Even though this enforces a very concrete limitation on the number
of devices that content can be accessed from and thereby is easily
enforceable, drawbacks by these limitation measures are that they
are not really user friendly and that they are not future proof due
to the rigidity thereof. Moreover, these measures do not limit an
Authorized Domain to a household, in that devices of a neighbour or
of family members, who are not part of the household, could have
devices that are part of the Authorized Domain.
[0010] The latter type of limitation measures typically has easy
circumvention mechanisms rendering them unacceptable. For example,
a very simple session based policy in which only the number of
concurrent sessions is limited is a user friendly limitation
measure for Authorized Domains, which, however, is easily
circumvented/abused, because it allows for many different persons
distributed over a large area to access content in the Authorized
Domain, e.g. by using the Internet.
[0011] Among the known limiting methods and/or measures are: [0012]
Limiting the size of a home (or primary) network to a hard fixed
number of devices; [0013] Limiting the number of sessions a person
in a domain/network can render, in that persons can only register a
limited number of simultaneously activities.
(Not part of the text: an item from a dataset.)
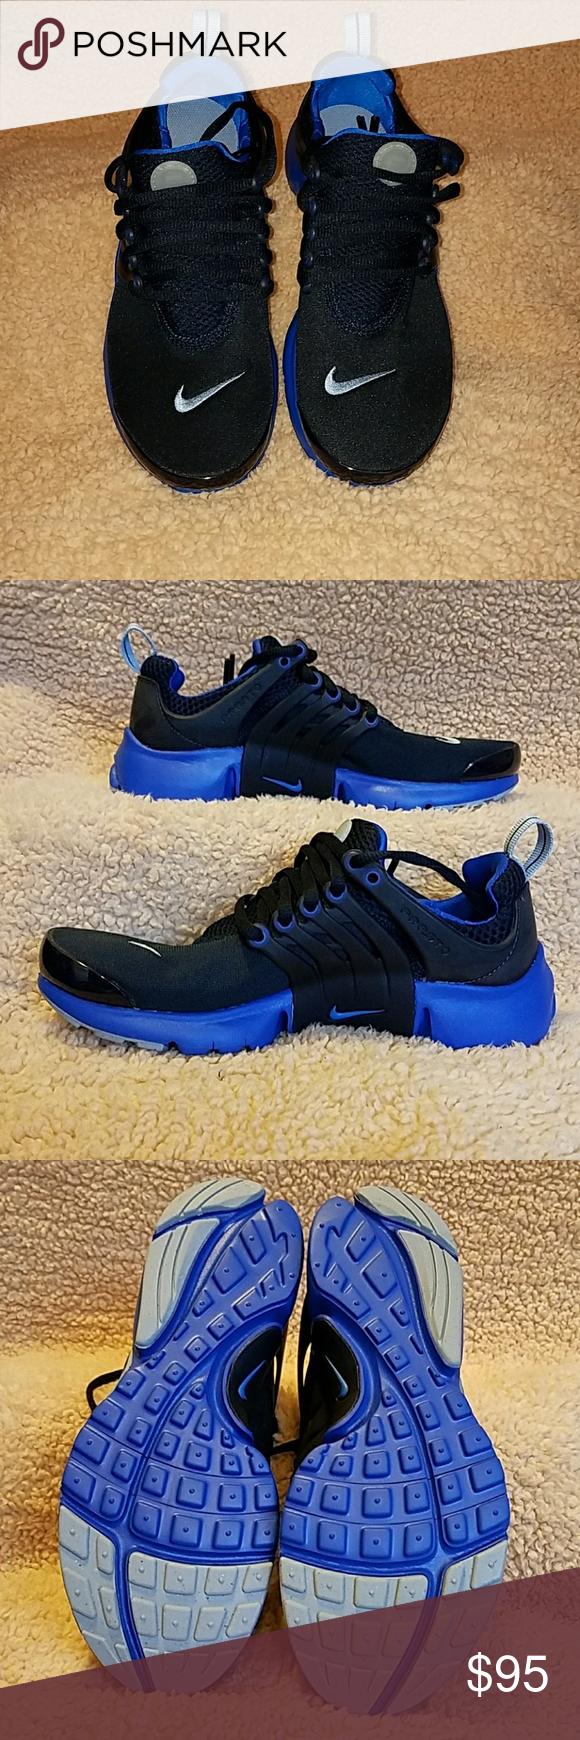 07e3d7c6a07a nike presto shoes brand new nike presto gs color dark obsidian size ...

Therefore, a natural
limit to the content is the number of sessions that one person
would need. Thus, the number of sessions inside the network would
be proportional to the number of members in the network. In this
case, the number of devices becomes irrelevant, in that it is the
number of sessions that is the limiting factor. See international
patent application WO 03/092264 (attorney docket PHNL020372).
[0014] Limiting through registration. Users should register their
Authorized Domain and the devices belonging to it at a registration
authority. The registration authority keeps track of the size of
the Authorized Domain and also for any unusual behaviour in domain
management actions, such as a registration of an excessively large
number of new devices. An example of a system with such a measure
is xCP. A further development of the limiting registration measure
is to let a user register at a higher authority in case of reaching
the upper limit of devices. This could be related to a higher cost.
[0015] Limiting through proving liveliness. Devices, that are
members of an Authorized Domain must now and then prove that they
are still legitimate members of the domain, e.g. that they interact
with other devices in the Authorized Domain or with a central
device in the Authorized Domain or they should rerun their
registration procedure at certain time intervals. See e.g.
international patent application WO 03/092264 (attorney docket
PHNL020372). [0016] Limitation measures based on a proximity
principle. These are in line with the principle that the Authorized
Domain should be limited to one single household. Devices that are
close together have a large probability of being related to one
single household. Several methods exist to prove such proximity,
such as specific distance measuring subsystems based on GPS or on
authenticated distance measuring protocols. See for instance
international patent application WO 04/014037 (attorney docket
PHNL020681) and European patent application serial number
04104717.6 (attorney docket PHNL041038). However, in some
situations devices are not necessarily close together even though
they belong to persons in an Authorized Domain (e.g. audio and/or
video devices in the car or a television set in a second home) and
therefore also should be regarded as part of the Authorized
Domain.
[0017] It is an object of the invention to provide a method of
managing the size of an Authorized Domain, which is acceptable both
to both content providers and users in that it, at the same time,
is substantially proof against circumventions and relatively
flexible.
[0018] This object is achieved by the method of the invention, in
that it comprises the steps of (a) defining a device as belonging
to a cluster in the Authorized Domain, if a predefined requirement
is met by any two devices within said cluster; (b) defining a
device for which said predefined requirement cannot be met between
said device and any other device in the Authorized Domain as a
cluster in itself; (c) performing the steps (a) and (b) until each
of said one or more devices is defined to belong to a cluster; and
(d) limiting the size of the Authorized Domain by limiting the
number of clusters in the Authorized Domain to a maximum.
[0019] Hereby, a limiting method with the benefits of the concept
of limiting the size of a network to a hard fixed number of devices
and the concept of limitation measures based on a proximity
principle is achieved, in that the proximity principle is one
example of a predefined requirement. However, the method of the
invention is more flexible than the concept of limiting the size of
a network to a hard fixed number of devices and it overcomes the
problem that it is not always possible to check if all devices meet
a predefined requirement in the proximity principle. Moreover,
devices in e.g. a car or a second home can still be a part of the
Authorized Domain even though they do not meet a proximity
requirement. Thus, the method provides an enhanced flexibility in a
reasonable balancing of content provider's and user's needs. It
should be noted, that it is conceivable to let said maximum be
adjustable over time or circumstances, hereby providing a further
flexibility. The term "device" is meant to cover any device capable
of processing content, such as, but not limited to: a radio
receiver, a DVD player, a CD player, a CD-ROM player, a television,
a VCR, a tape deck, a personal computer, an MP3 player, a
tuner/decoder, a Set Top Box, a mobile phone.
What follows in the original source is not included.